MaryAnn’s quick take…

The state of affairs in the Middle East may actually be thornier than it seems from afar: that is the position this brave, intimate perspective on the Israeli-Palestinian conflict seems to take.tweet
I’m “biast” (pro): nothing
I’m “biast” (con): nothing
(what is this about? see my critic’s minifesto)
women’s participation in this film
female director, female screenwriter, female coprotagonist
(learn more about this)

Since Jared Kushner still hasn’t fixed the Middle East, perhaps we need to look elsewhere. Like right in the midst of the seemingly intractable Israeli-Palestinian conflict itself. Oscar-nominated documentarian Hava Kohav Beller’s In the Land of Pomegranates takes us inside an extraordinary program called “Vacation from War,” which each year brings groups of young Israelis and Palestinians together in Germany to discuss their perspectives on the strife they live with, to see if there’s any common ground to be found.
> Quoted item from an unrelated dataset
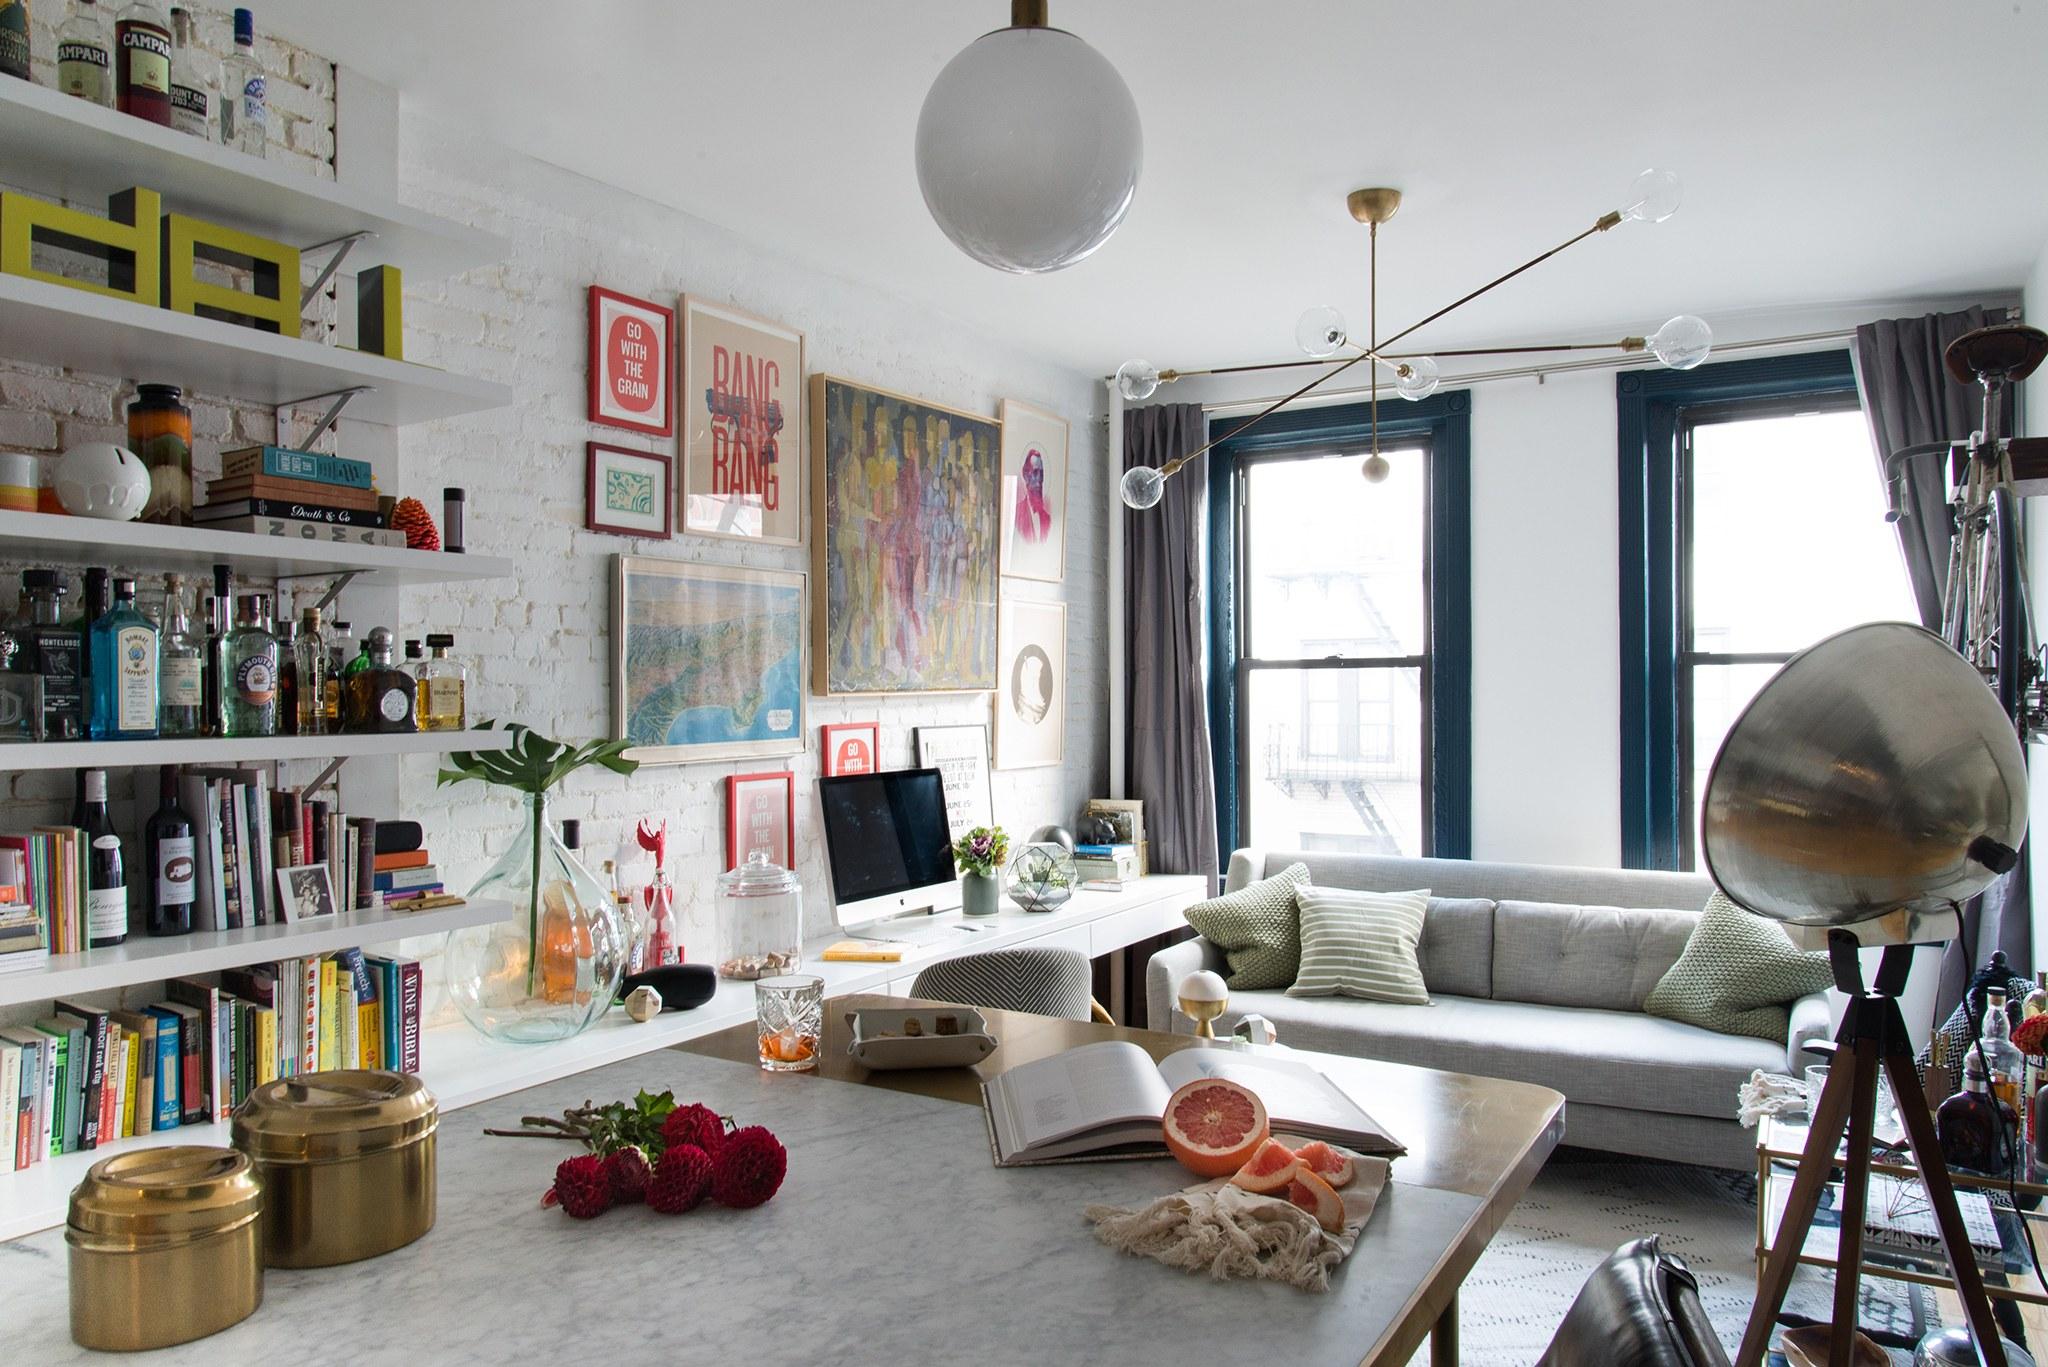 How to Create a Unique Interior Design

And it’s difficult, in fact, to feel that there might be: despite clear efforts to remain calm when hashing out hugely contentious topics, from terrorism to whose side God is on, all the passion and conviction of the participants seems to end up dedicated to clinging to the preconceptions they arrived with.
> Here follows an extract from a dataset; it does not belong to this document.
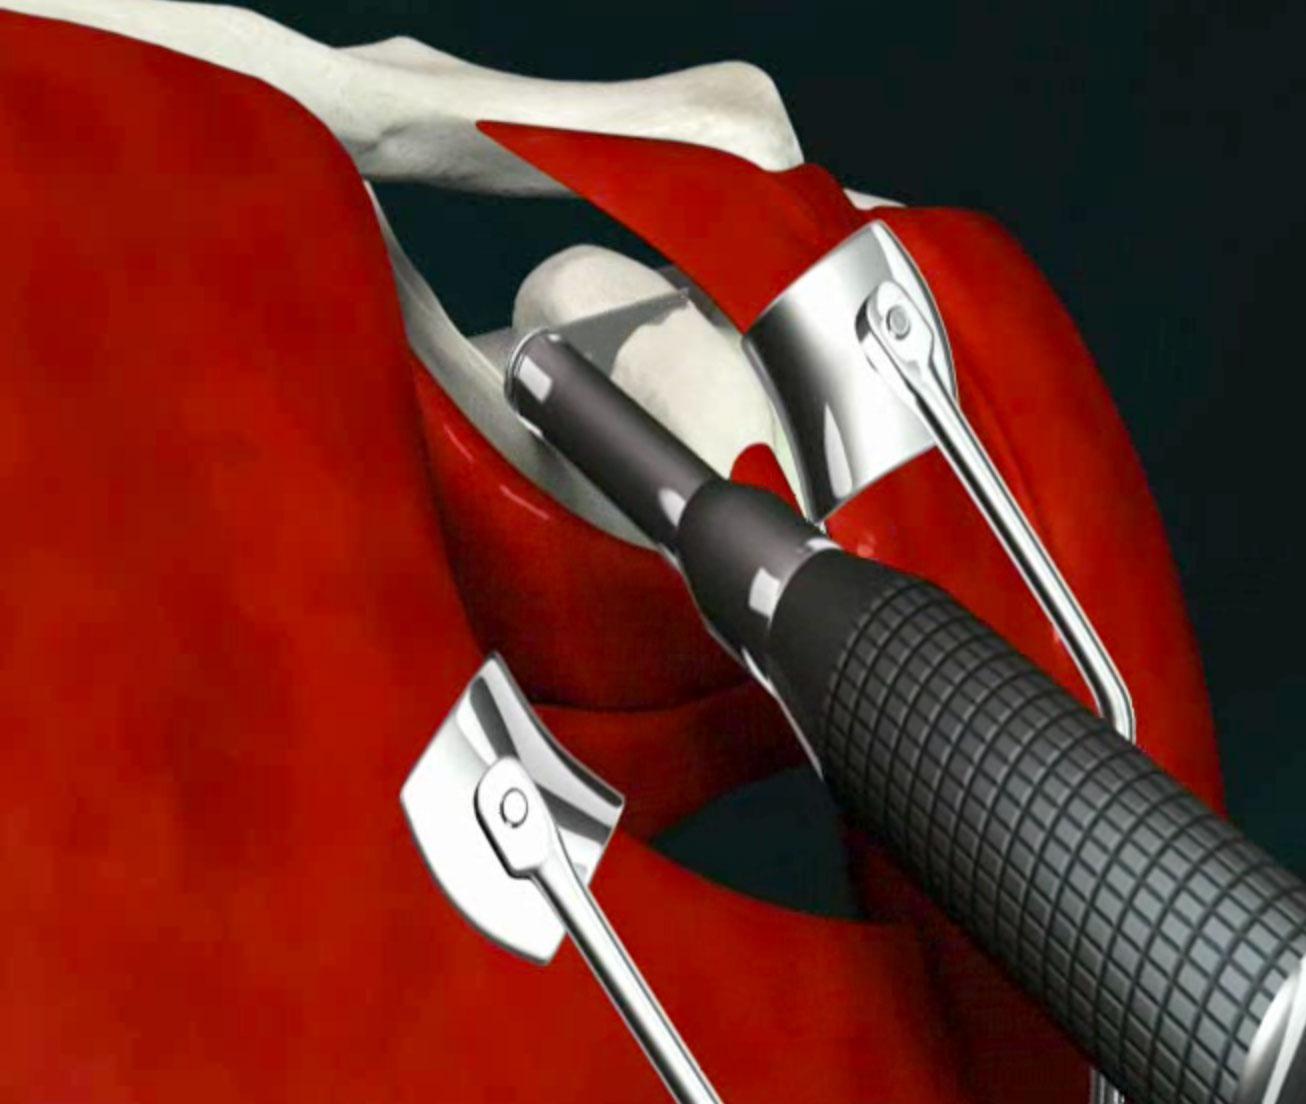 Intervento chirurigico nella lussazione della spalla

Indeed, the other stories Beller brings in to sketch out the scope of the discord also only underline how difficult the situation is, with so much unforgivable suffering on both sides — an Israeli man discussing the PTSD that afflicts him after he survived a suicide bombing is particularly affecting. There doesn’t seem to be much room for negotiation or debate on either side, nor leeway for accommodation. But then there is also the Palestinian mother who brings her small son across the difficult-to-traverse border to Tel Aviv for much-needed heart surgery, performed by an Israeli doctor who declares, “No child is my enemy.” It’s only a tiny beacon of hope, though, and it doesn’t feel like enough.
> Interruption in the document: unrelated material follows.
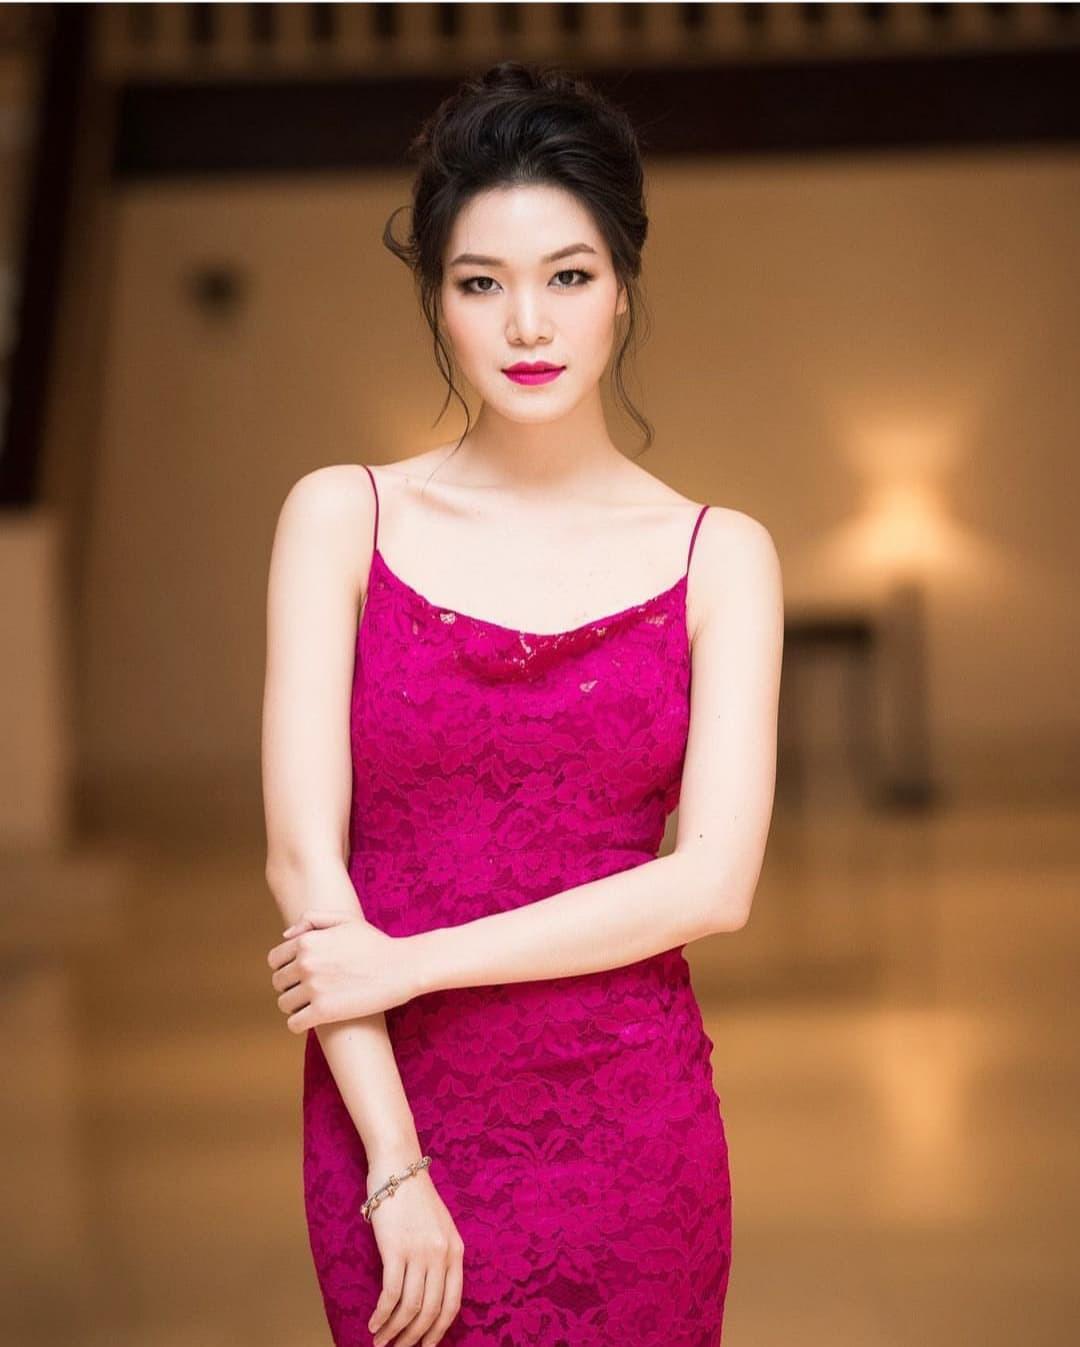 Hoa hậu Việt Nam 2008 Thùy Dung: Từ scandal Hoa hậu học dốt đến ồn ào bị vợ cũ đại gia dằn mặt và hạnh phúc giấu kín ở tuổi 30-9

The film is a bit scattershot, jumping around in time and missing some context for those not already intimately familiar with the region and the issues. What is plain, however, is that after generations of Israeli occupation and Palestinian pushback, the entrenched animosity on both sides precludes any easy fix (despite the glib pronouncements of clueless outsiders like the current American president). That’s a fairly radical position for a film like this one to take: that the state of affairs in the Middle East may actually be thornier than it seems from afar.